MC: Paul Hunter, Luther Allen, Ed Harkness, Alicia Hokanson,
Thomas Hubbard, Jill McCabe Johnson, Jed Myers, Mary Ellen Talley

Join us for an Open Mic to follow the reading, 7:30-8:20pm.


Luther Allen writes poems and designs buildings from Sumas Mountain, Washington. He facilitates SpeakEasy, a community poetry reading series in Bellingham, Washington, and is co-editor of Noisy Water, a poetry anthology featuring local Whatcom County poets. His collection of poems, The View from Lummi Island, can be found at http://othermindpress.wordpress.com. His work appears in three recent anthologies: WA 129 (an anthology of poems from Washington poets, edited by Tod Marshall), Refugium, and Poetry of the American Southwest, Volume 3.

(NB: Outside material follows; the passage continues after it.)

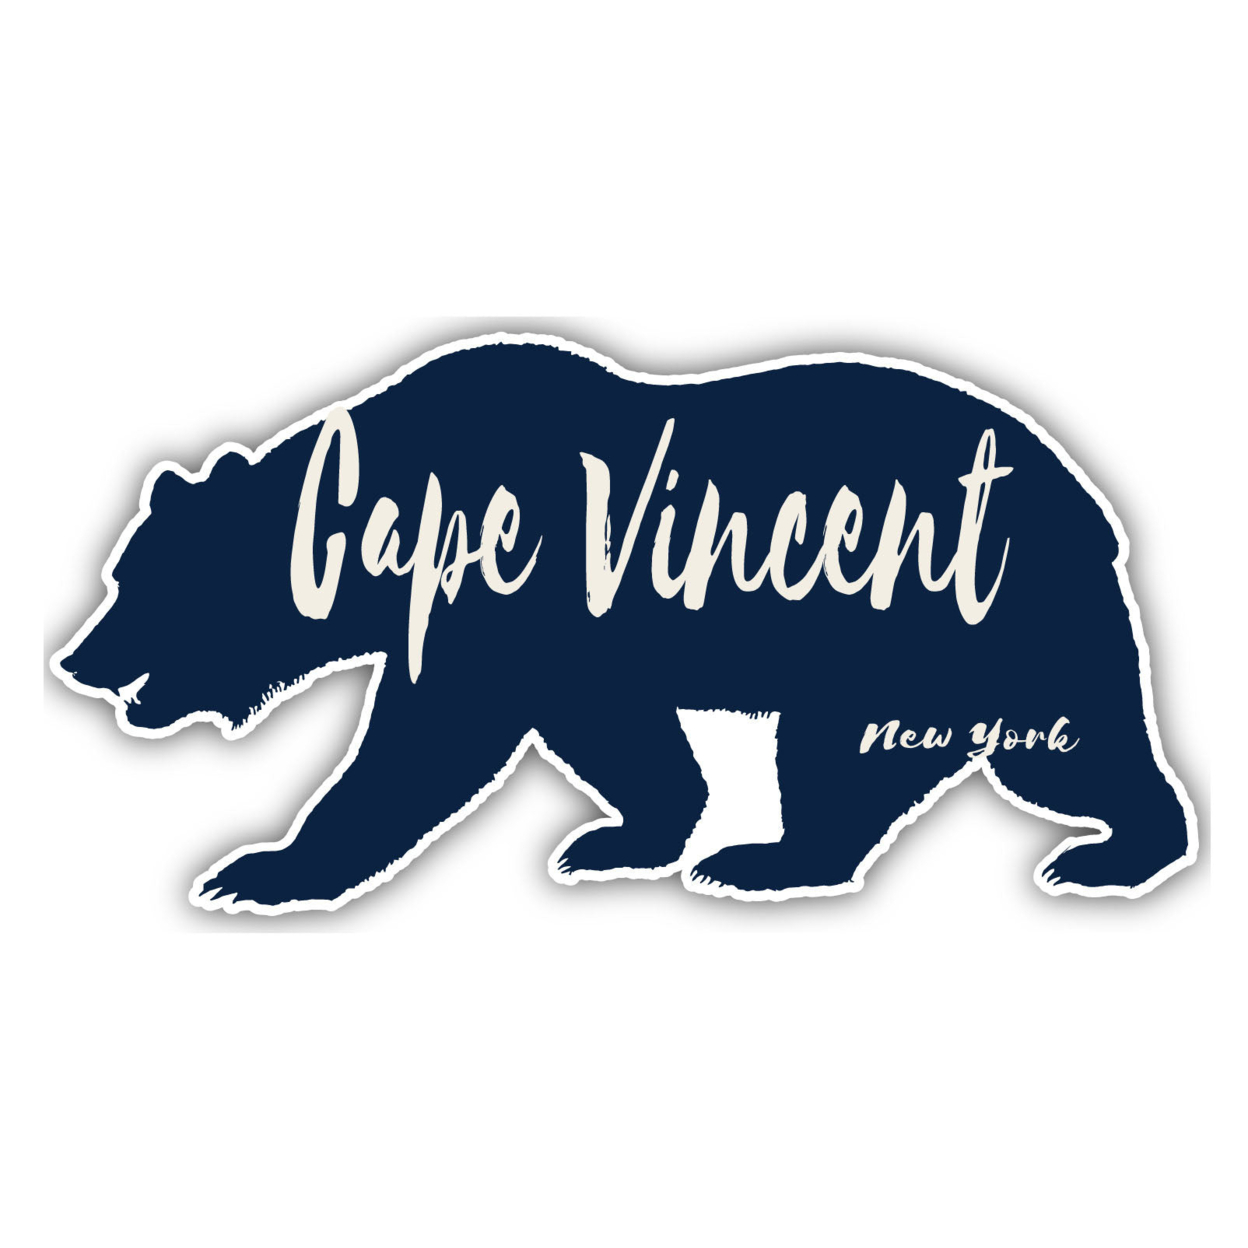 Cape Vincent New York Souvenir Decorative Stickers (Choose Theme And Size) - Single Unit, 10-Inch, Bear

Edward Harkness is the author of two full-length poetry collections, Saying the Necessary and Beautiful Passing Lives, both from Pleasure Boat Studio Press. His poems can be found online in 2River, Atticus Review, Cascadia Review, The Good Men Project, Hinchas de Poesia, The Humanist, Rat’s Ass Journal, Salt River Review, Split Lip Magazine, Switched-On Gutenberg, and Terrain.Org. Recent publications in print journals include Chariton Review and Miramar. His most recent chapbook, Ice Children, was published by Split Lip Press in 2014. To hear Ed read “Union Creek in Winter,” (and published, not incidentally, on Jan. 21, 2017, the day of the inauguration of #45), go to Terrain.org at http://www.terrain.org/2017/poetry/letter-to-america-harkness/. He lives in Shoreline, Washington.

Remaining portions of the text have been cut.